I was in the Cancer Care Centre at the hospital this morning, as I said, to meet my GP/oncologist, and I saw a few of the usual suspects getting treatment. There was an older woman (probably a bit older than me) getting an infusion in Chair #4. I’ve seen her a number of times before. This time she was with her husband (I presume) who sat in a chair beside her. We nodded to each other. A young woman came by us as we waited to see the doctor. She was in Chair #3 I think. She was dragging her IV pole along beside her as she made her way to the bathroom close by, something I’ve done many times. IV poles, with bags of meds hanging from them with a line entering the arm somewhere, are on casters but they still rattle away as they are dragged along. I thought to myself: “This is my life. I share it with people I don’t know and some I do know, people who share my struggle to one extent or other. What we share is cancer.” But we also share the care and love that the staff gives us. Notwithstanding, every one of us will die. We may survive a year, two, ten, or twenty, but we must die. I’m not complaining about that. It is what it is.

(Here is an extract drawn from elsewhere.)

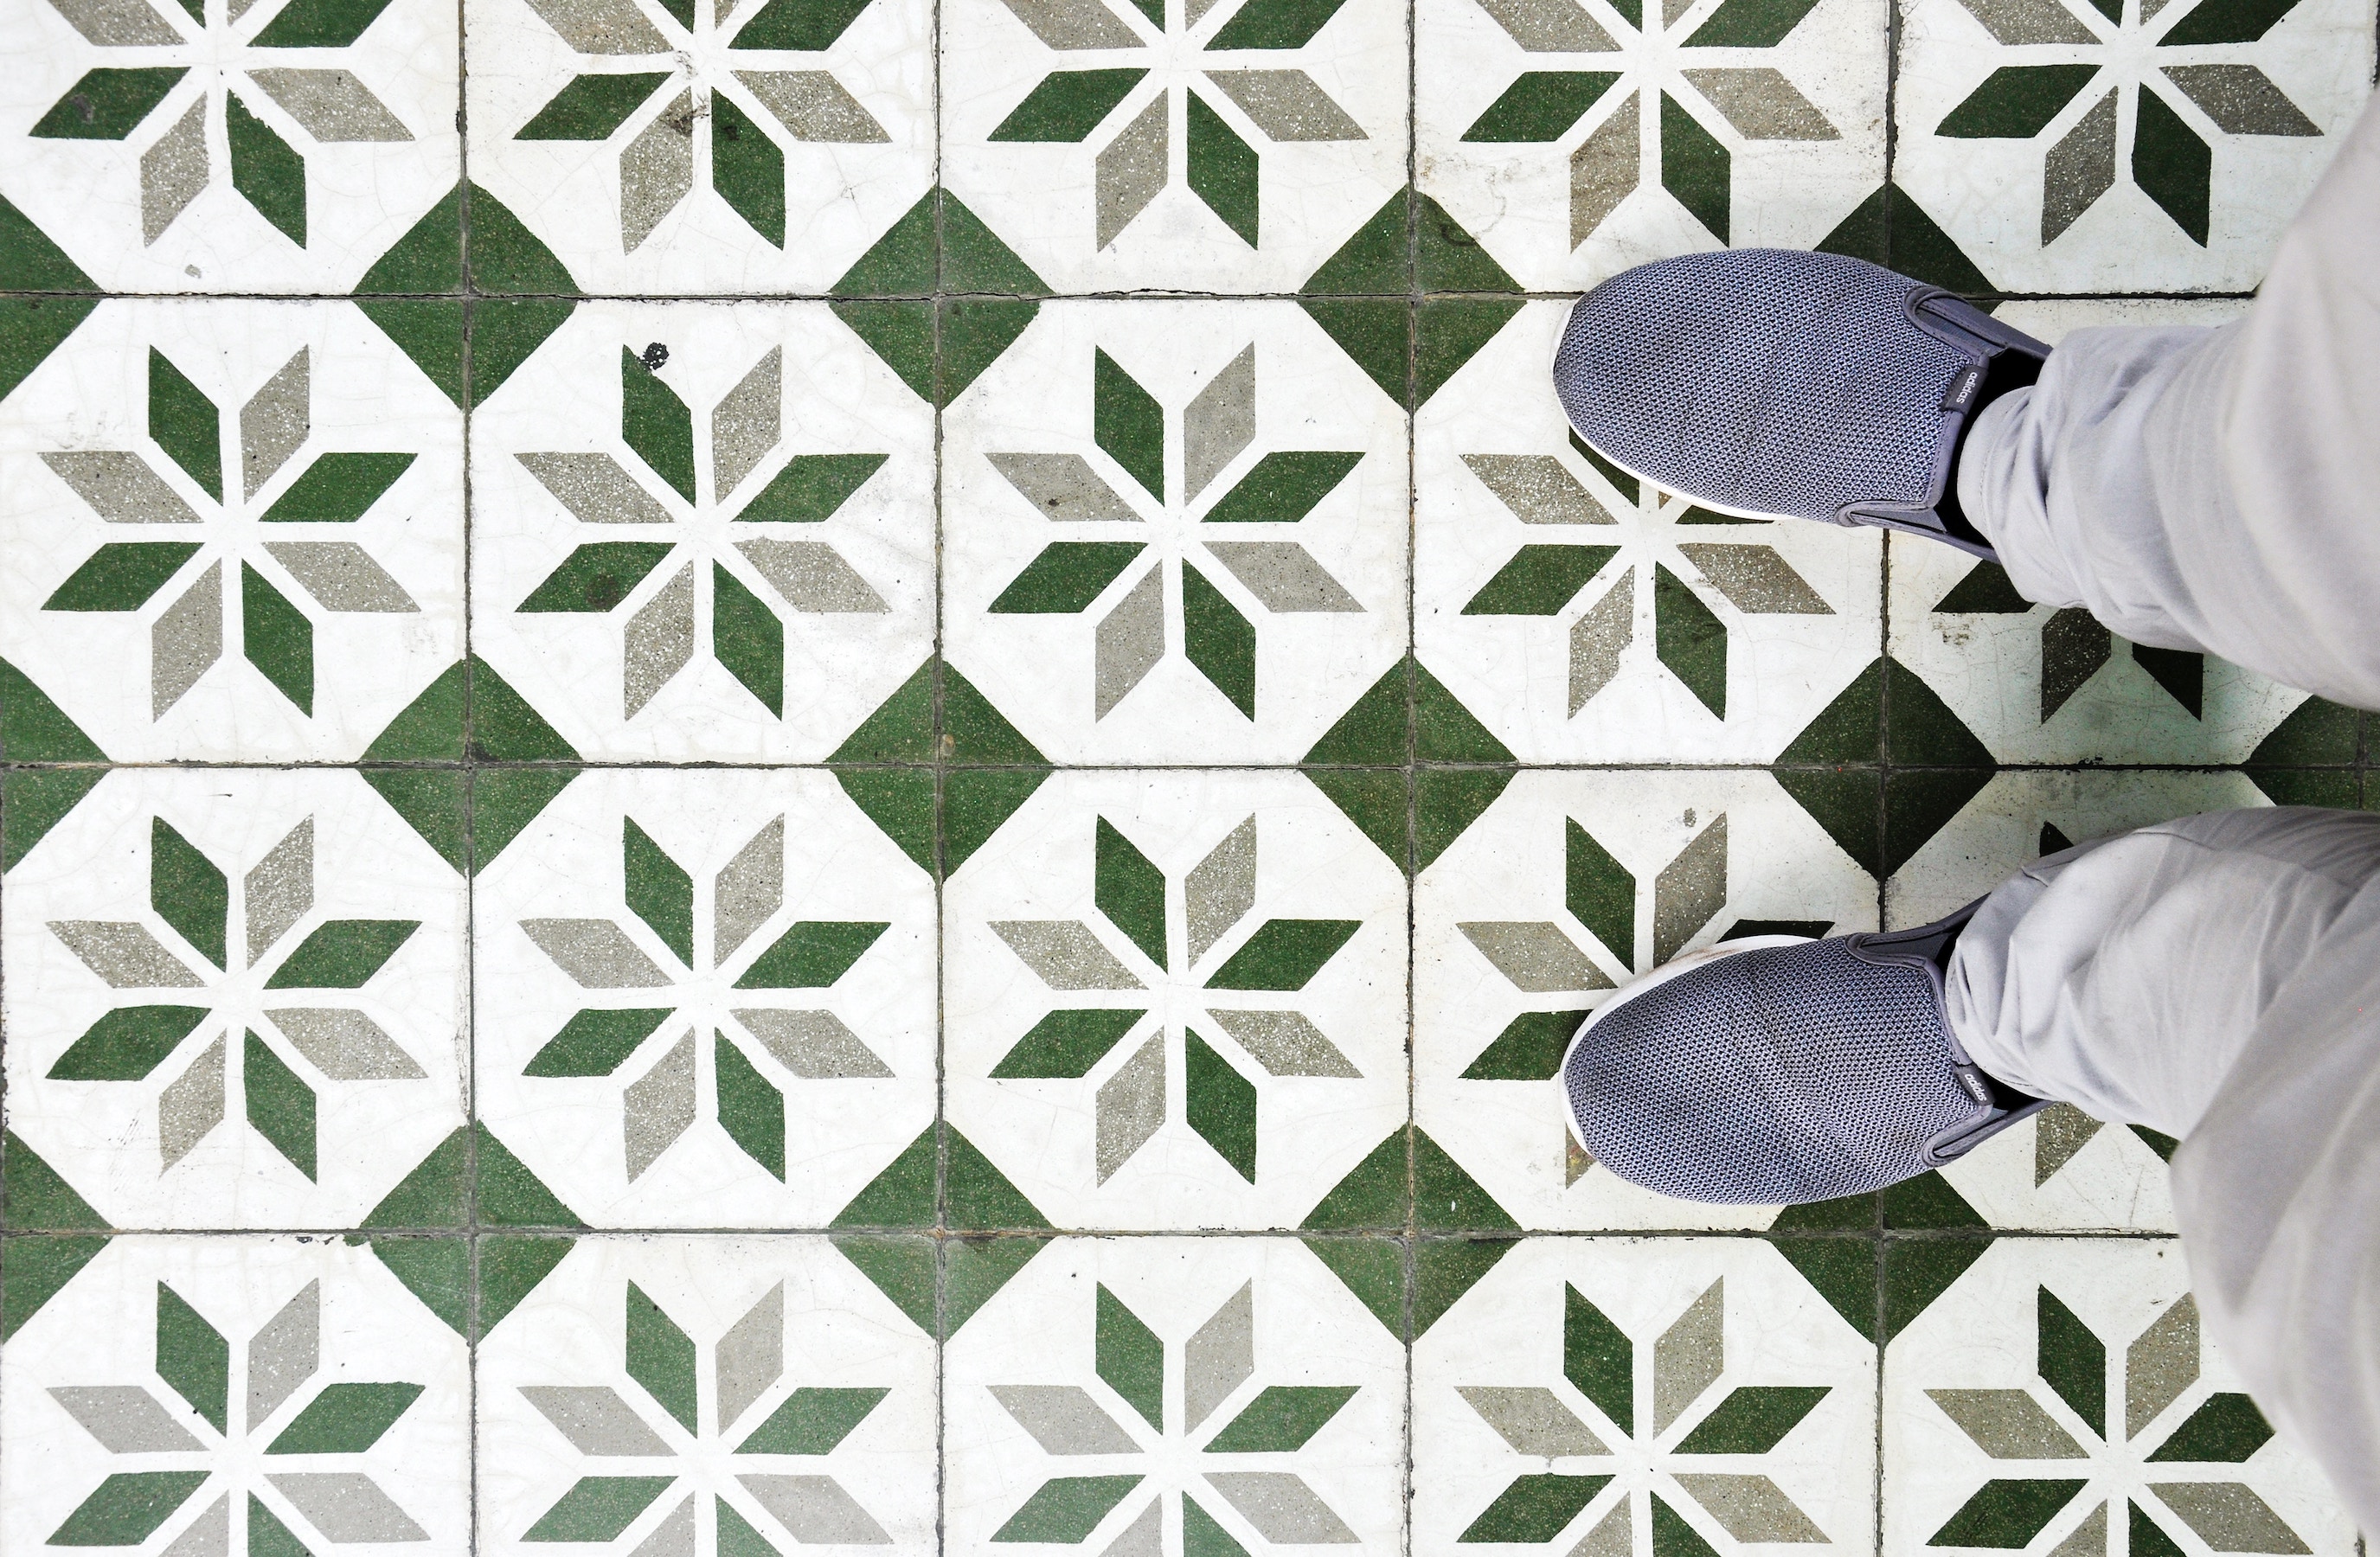 Patterned tile floor with person standing on it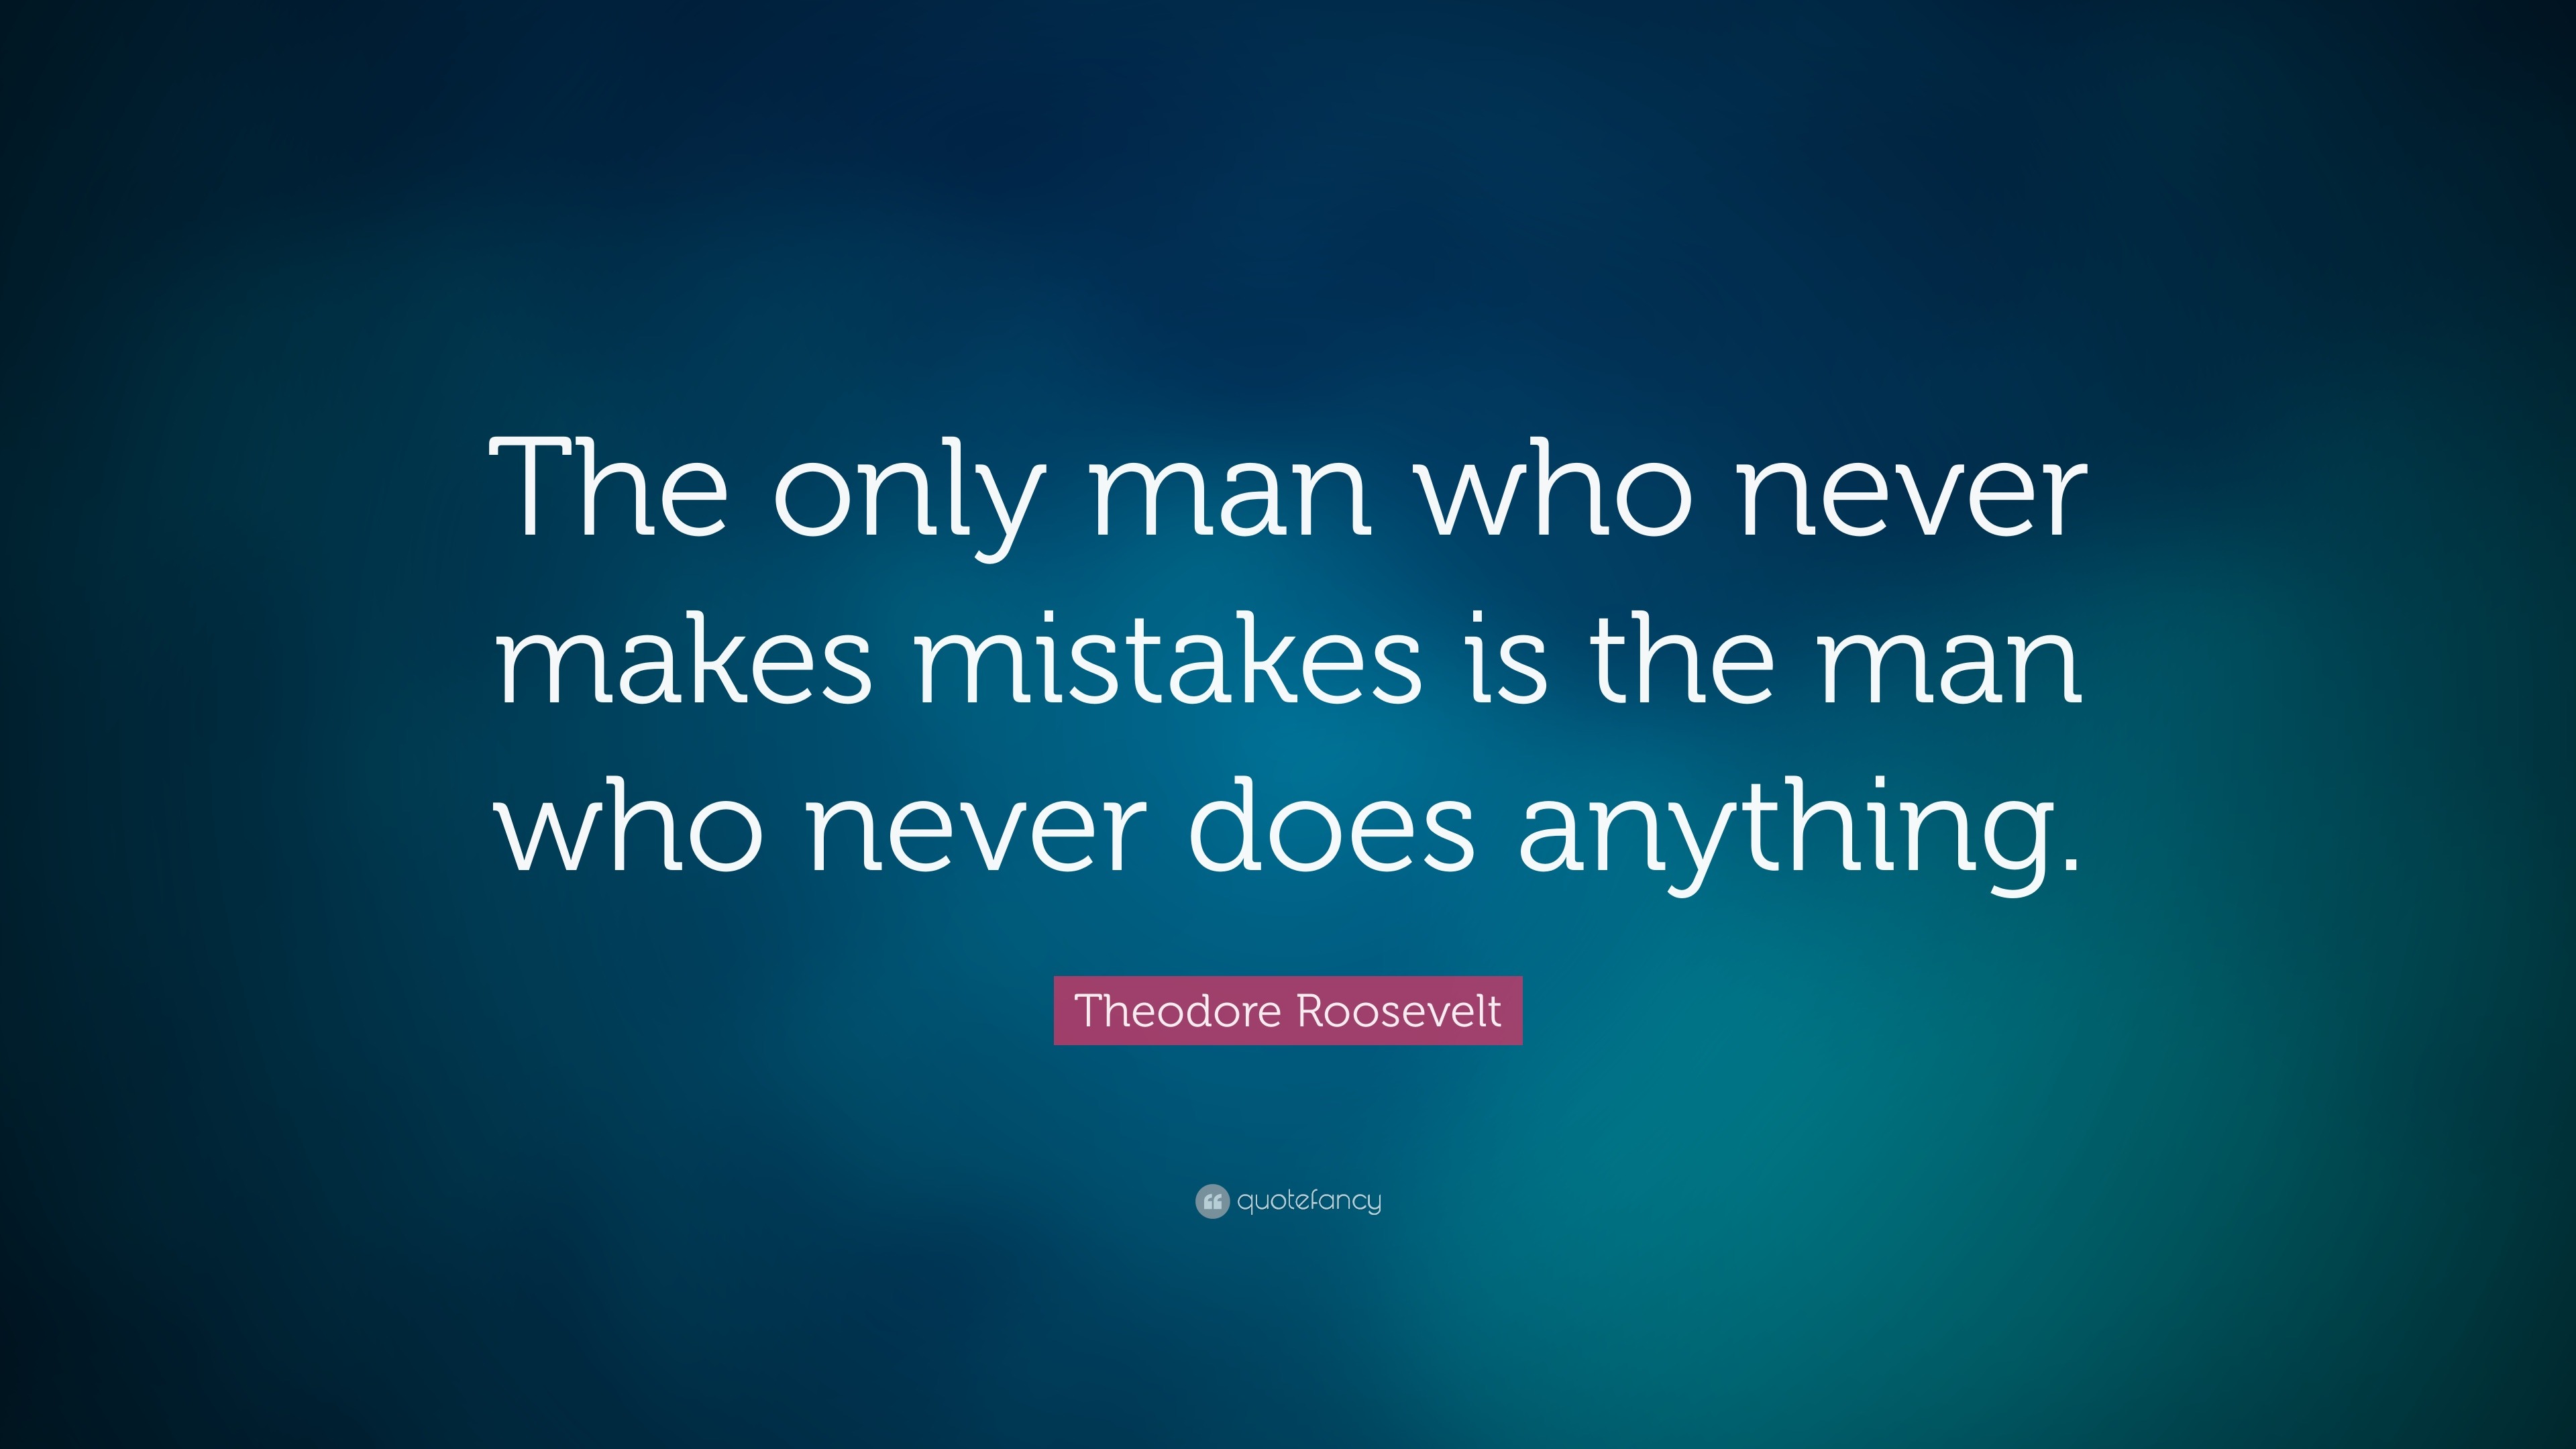 Theodore Roosevelt Quote: “The only man who never makes mistakes is the ...

I’ve spent a good part of my life studying life and death. I’m a sociologist, but I’ve not contained myself within that discipline. I’ve struggled to see the big picture of life on this planet and how life cannot exist without death. I know it’s something I’ve brought up before, but it’s always on my mind. 

We’re coming on to spring. My favourite season. Plants spring up everywhere. They count on the decay from previous years to fuel their growth. Life is not a cycle. It’s more like a spiral, with an inevitable end. To think of the seasons as cyclical is a mistake, a comforting mistake, I guess. I’m thinking we have a built-in biological aversion to death. From what I’ve observed, we share that aversion with most other animals. Life is the big draw, death and disease are the ultimate enemy. Our whole culture is built on that false premise. Silly us. 

This spring for me is not like the spring of my tenth year, nor of my fortieth year. I’m hoping this is not my last spring. I’m thinking it won’t be, but the future is promised to no one.